Von unserem Mitarbeiter Klaus Müller

Rund 100 von 500 Stühlen in der Pfinztalhalle blieben leer. Ebenso nutzten die Besucher nicht die vorgegebene eine Stunde, in der Fragen an die beiden gestellt werden konnten. Zum Anfang der von Bernhard Stobizter moderierten Vorstellungsrunde hatten die Kandidaten jeweils zehn Minuten Zeit, sich und ihr kommunalpolitisches Credo dem Wahlvolk vorzustellen.

Und darin unterschieden sich die Bewerber recht wesentlich. Bodner nutzte die Gunst der Stunde, auf Erreichtes und auf noch zu Erreichendes einzugehen. Rund 500 Einzelmaßnahmen, die meisten zum Wohle von Pfinztal, seien in ihrer Amtszeit auf den Weg gebracht worden. In diesem Zusammenhang nannte sie kommunalpolitische Aufgaben wie Kinderbetreuung, Schulen, Senioren. Die Amtsinhaberin hob dabei immer wieder ihren „Arbeitsstil“ hervor, geprägt von „Wertschätzung, (parteipolitische) Unabhängigkeit und Verlässlichkeit“.

Ökologie, Digitalisierung

Als „parteilos und unabhängig“ bezeichnete sich ebenfalls Rose. Mit Blick auf Details, auf Visionen blieb er in seiner Vorstellung jedoch einiges schuldig. Umso ausgiebiger fielen seine Begrüßungs- und Dankesworte aus, die mehr als die Hälfte seiner zehnminütigen Redezeit ausmachten. Am Ende seiner Vorstellung sprach er sich für ein „ökologisches und nachhaltiges Pfinztal“ sowie für Digitalisierung aus, um dadurch auch über „Abfragen“ Stimmungsbilder von der Bevölkerung zu erfahren.

Unerträgliche Verkehrssituation

Dass es in der Fragerunde um die, so die Auffassung vieler Pfinztaler, „unerträgliche Verkehrssituation“ in Berghausen ging, überraschte kaum. Und spätestens bei diesem Thema sprachen die Kandidaten einhellig von „dicken Brettern“, die gebohrt werden müssten.

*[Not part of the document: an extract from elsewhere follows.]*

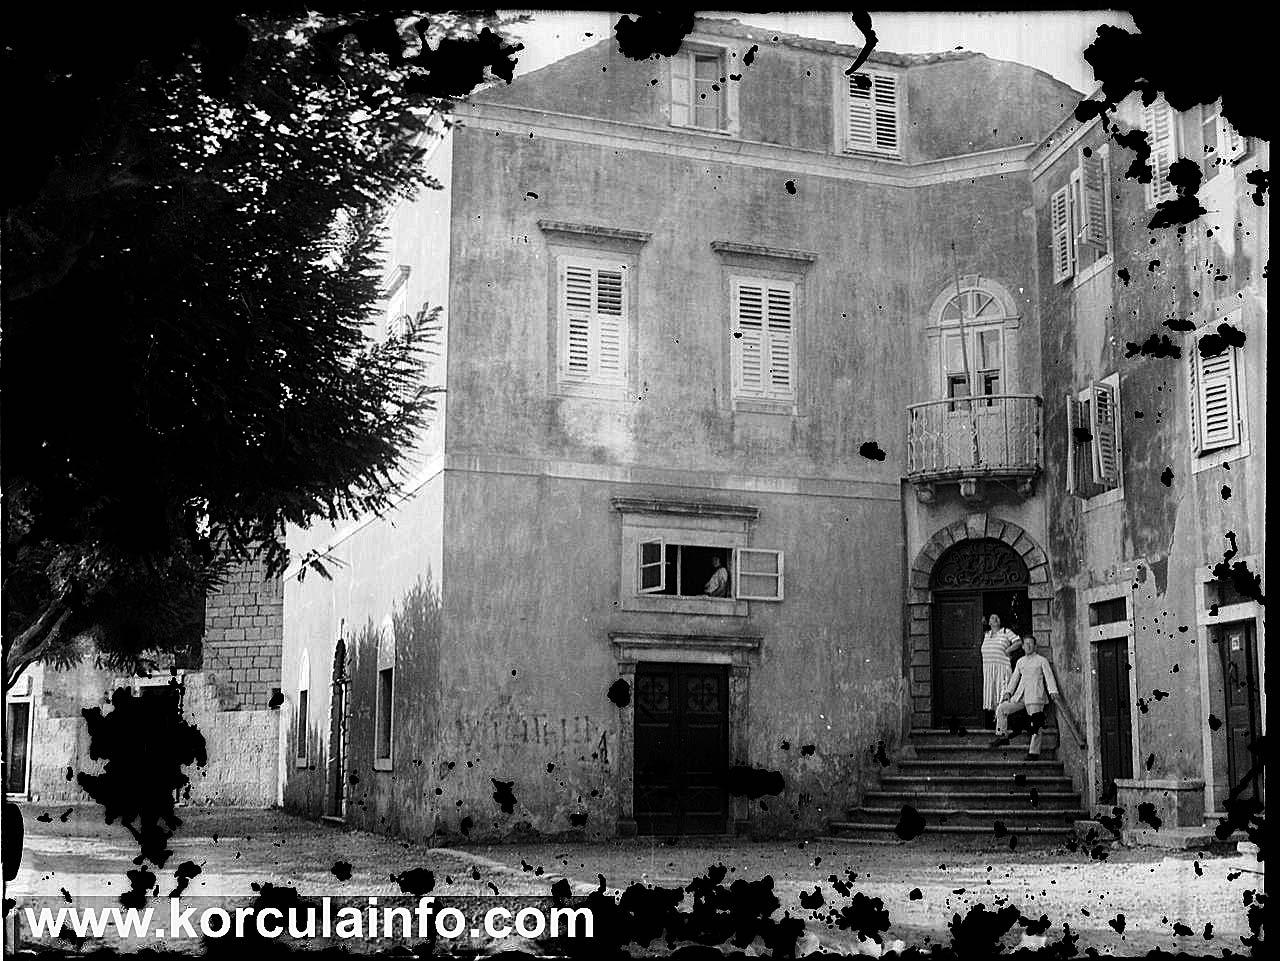 House of family Foretić, Korcula

Abgesehen von der B 293 Umfahrung, deren Umsetzung noch dauern wird, hatten beiden keine wesentlichen und neuen Lösungsansätze in Sachen Pfinztaler Verkehrschaos parat. Bodner will immer wieder bei den übergeordneten (und zuständigen) Behörden vorsprechen, Rose will sich für eine Verbesserung des nicht gerade optimalen ÖPNV starkmachen.

Thema Schulden

Und was wollen sie gegen den Schuldenstand tun?, so eine weitere Frage. Den Haushalt zu konsolidieren, sei ein Mammutaufgabe, meinte Rose. Er setzt dabei auch auf Beteiligungsgesellschaften im Bereich der Fotovoltaik („Solardächer“). Bodner brach eine Lanze für die Schulden: Sie stehe dazu, zumal die Gemeinde dafür Gegenwerte geschaffen habe.

Termin
Die nächste Vorstellungsrunde ist Dienstag, 22. Oktober, ab 19 Uhr in der Kleinsteinbacher Hagwaldhalle.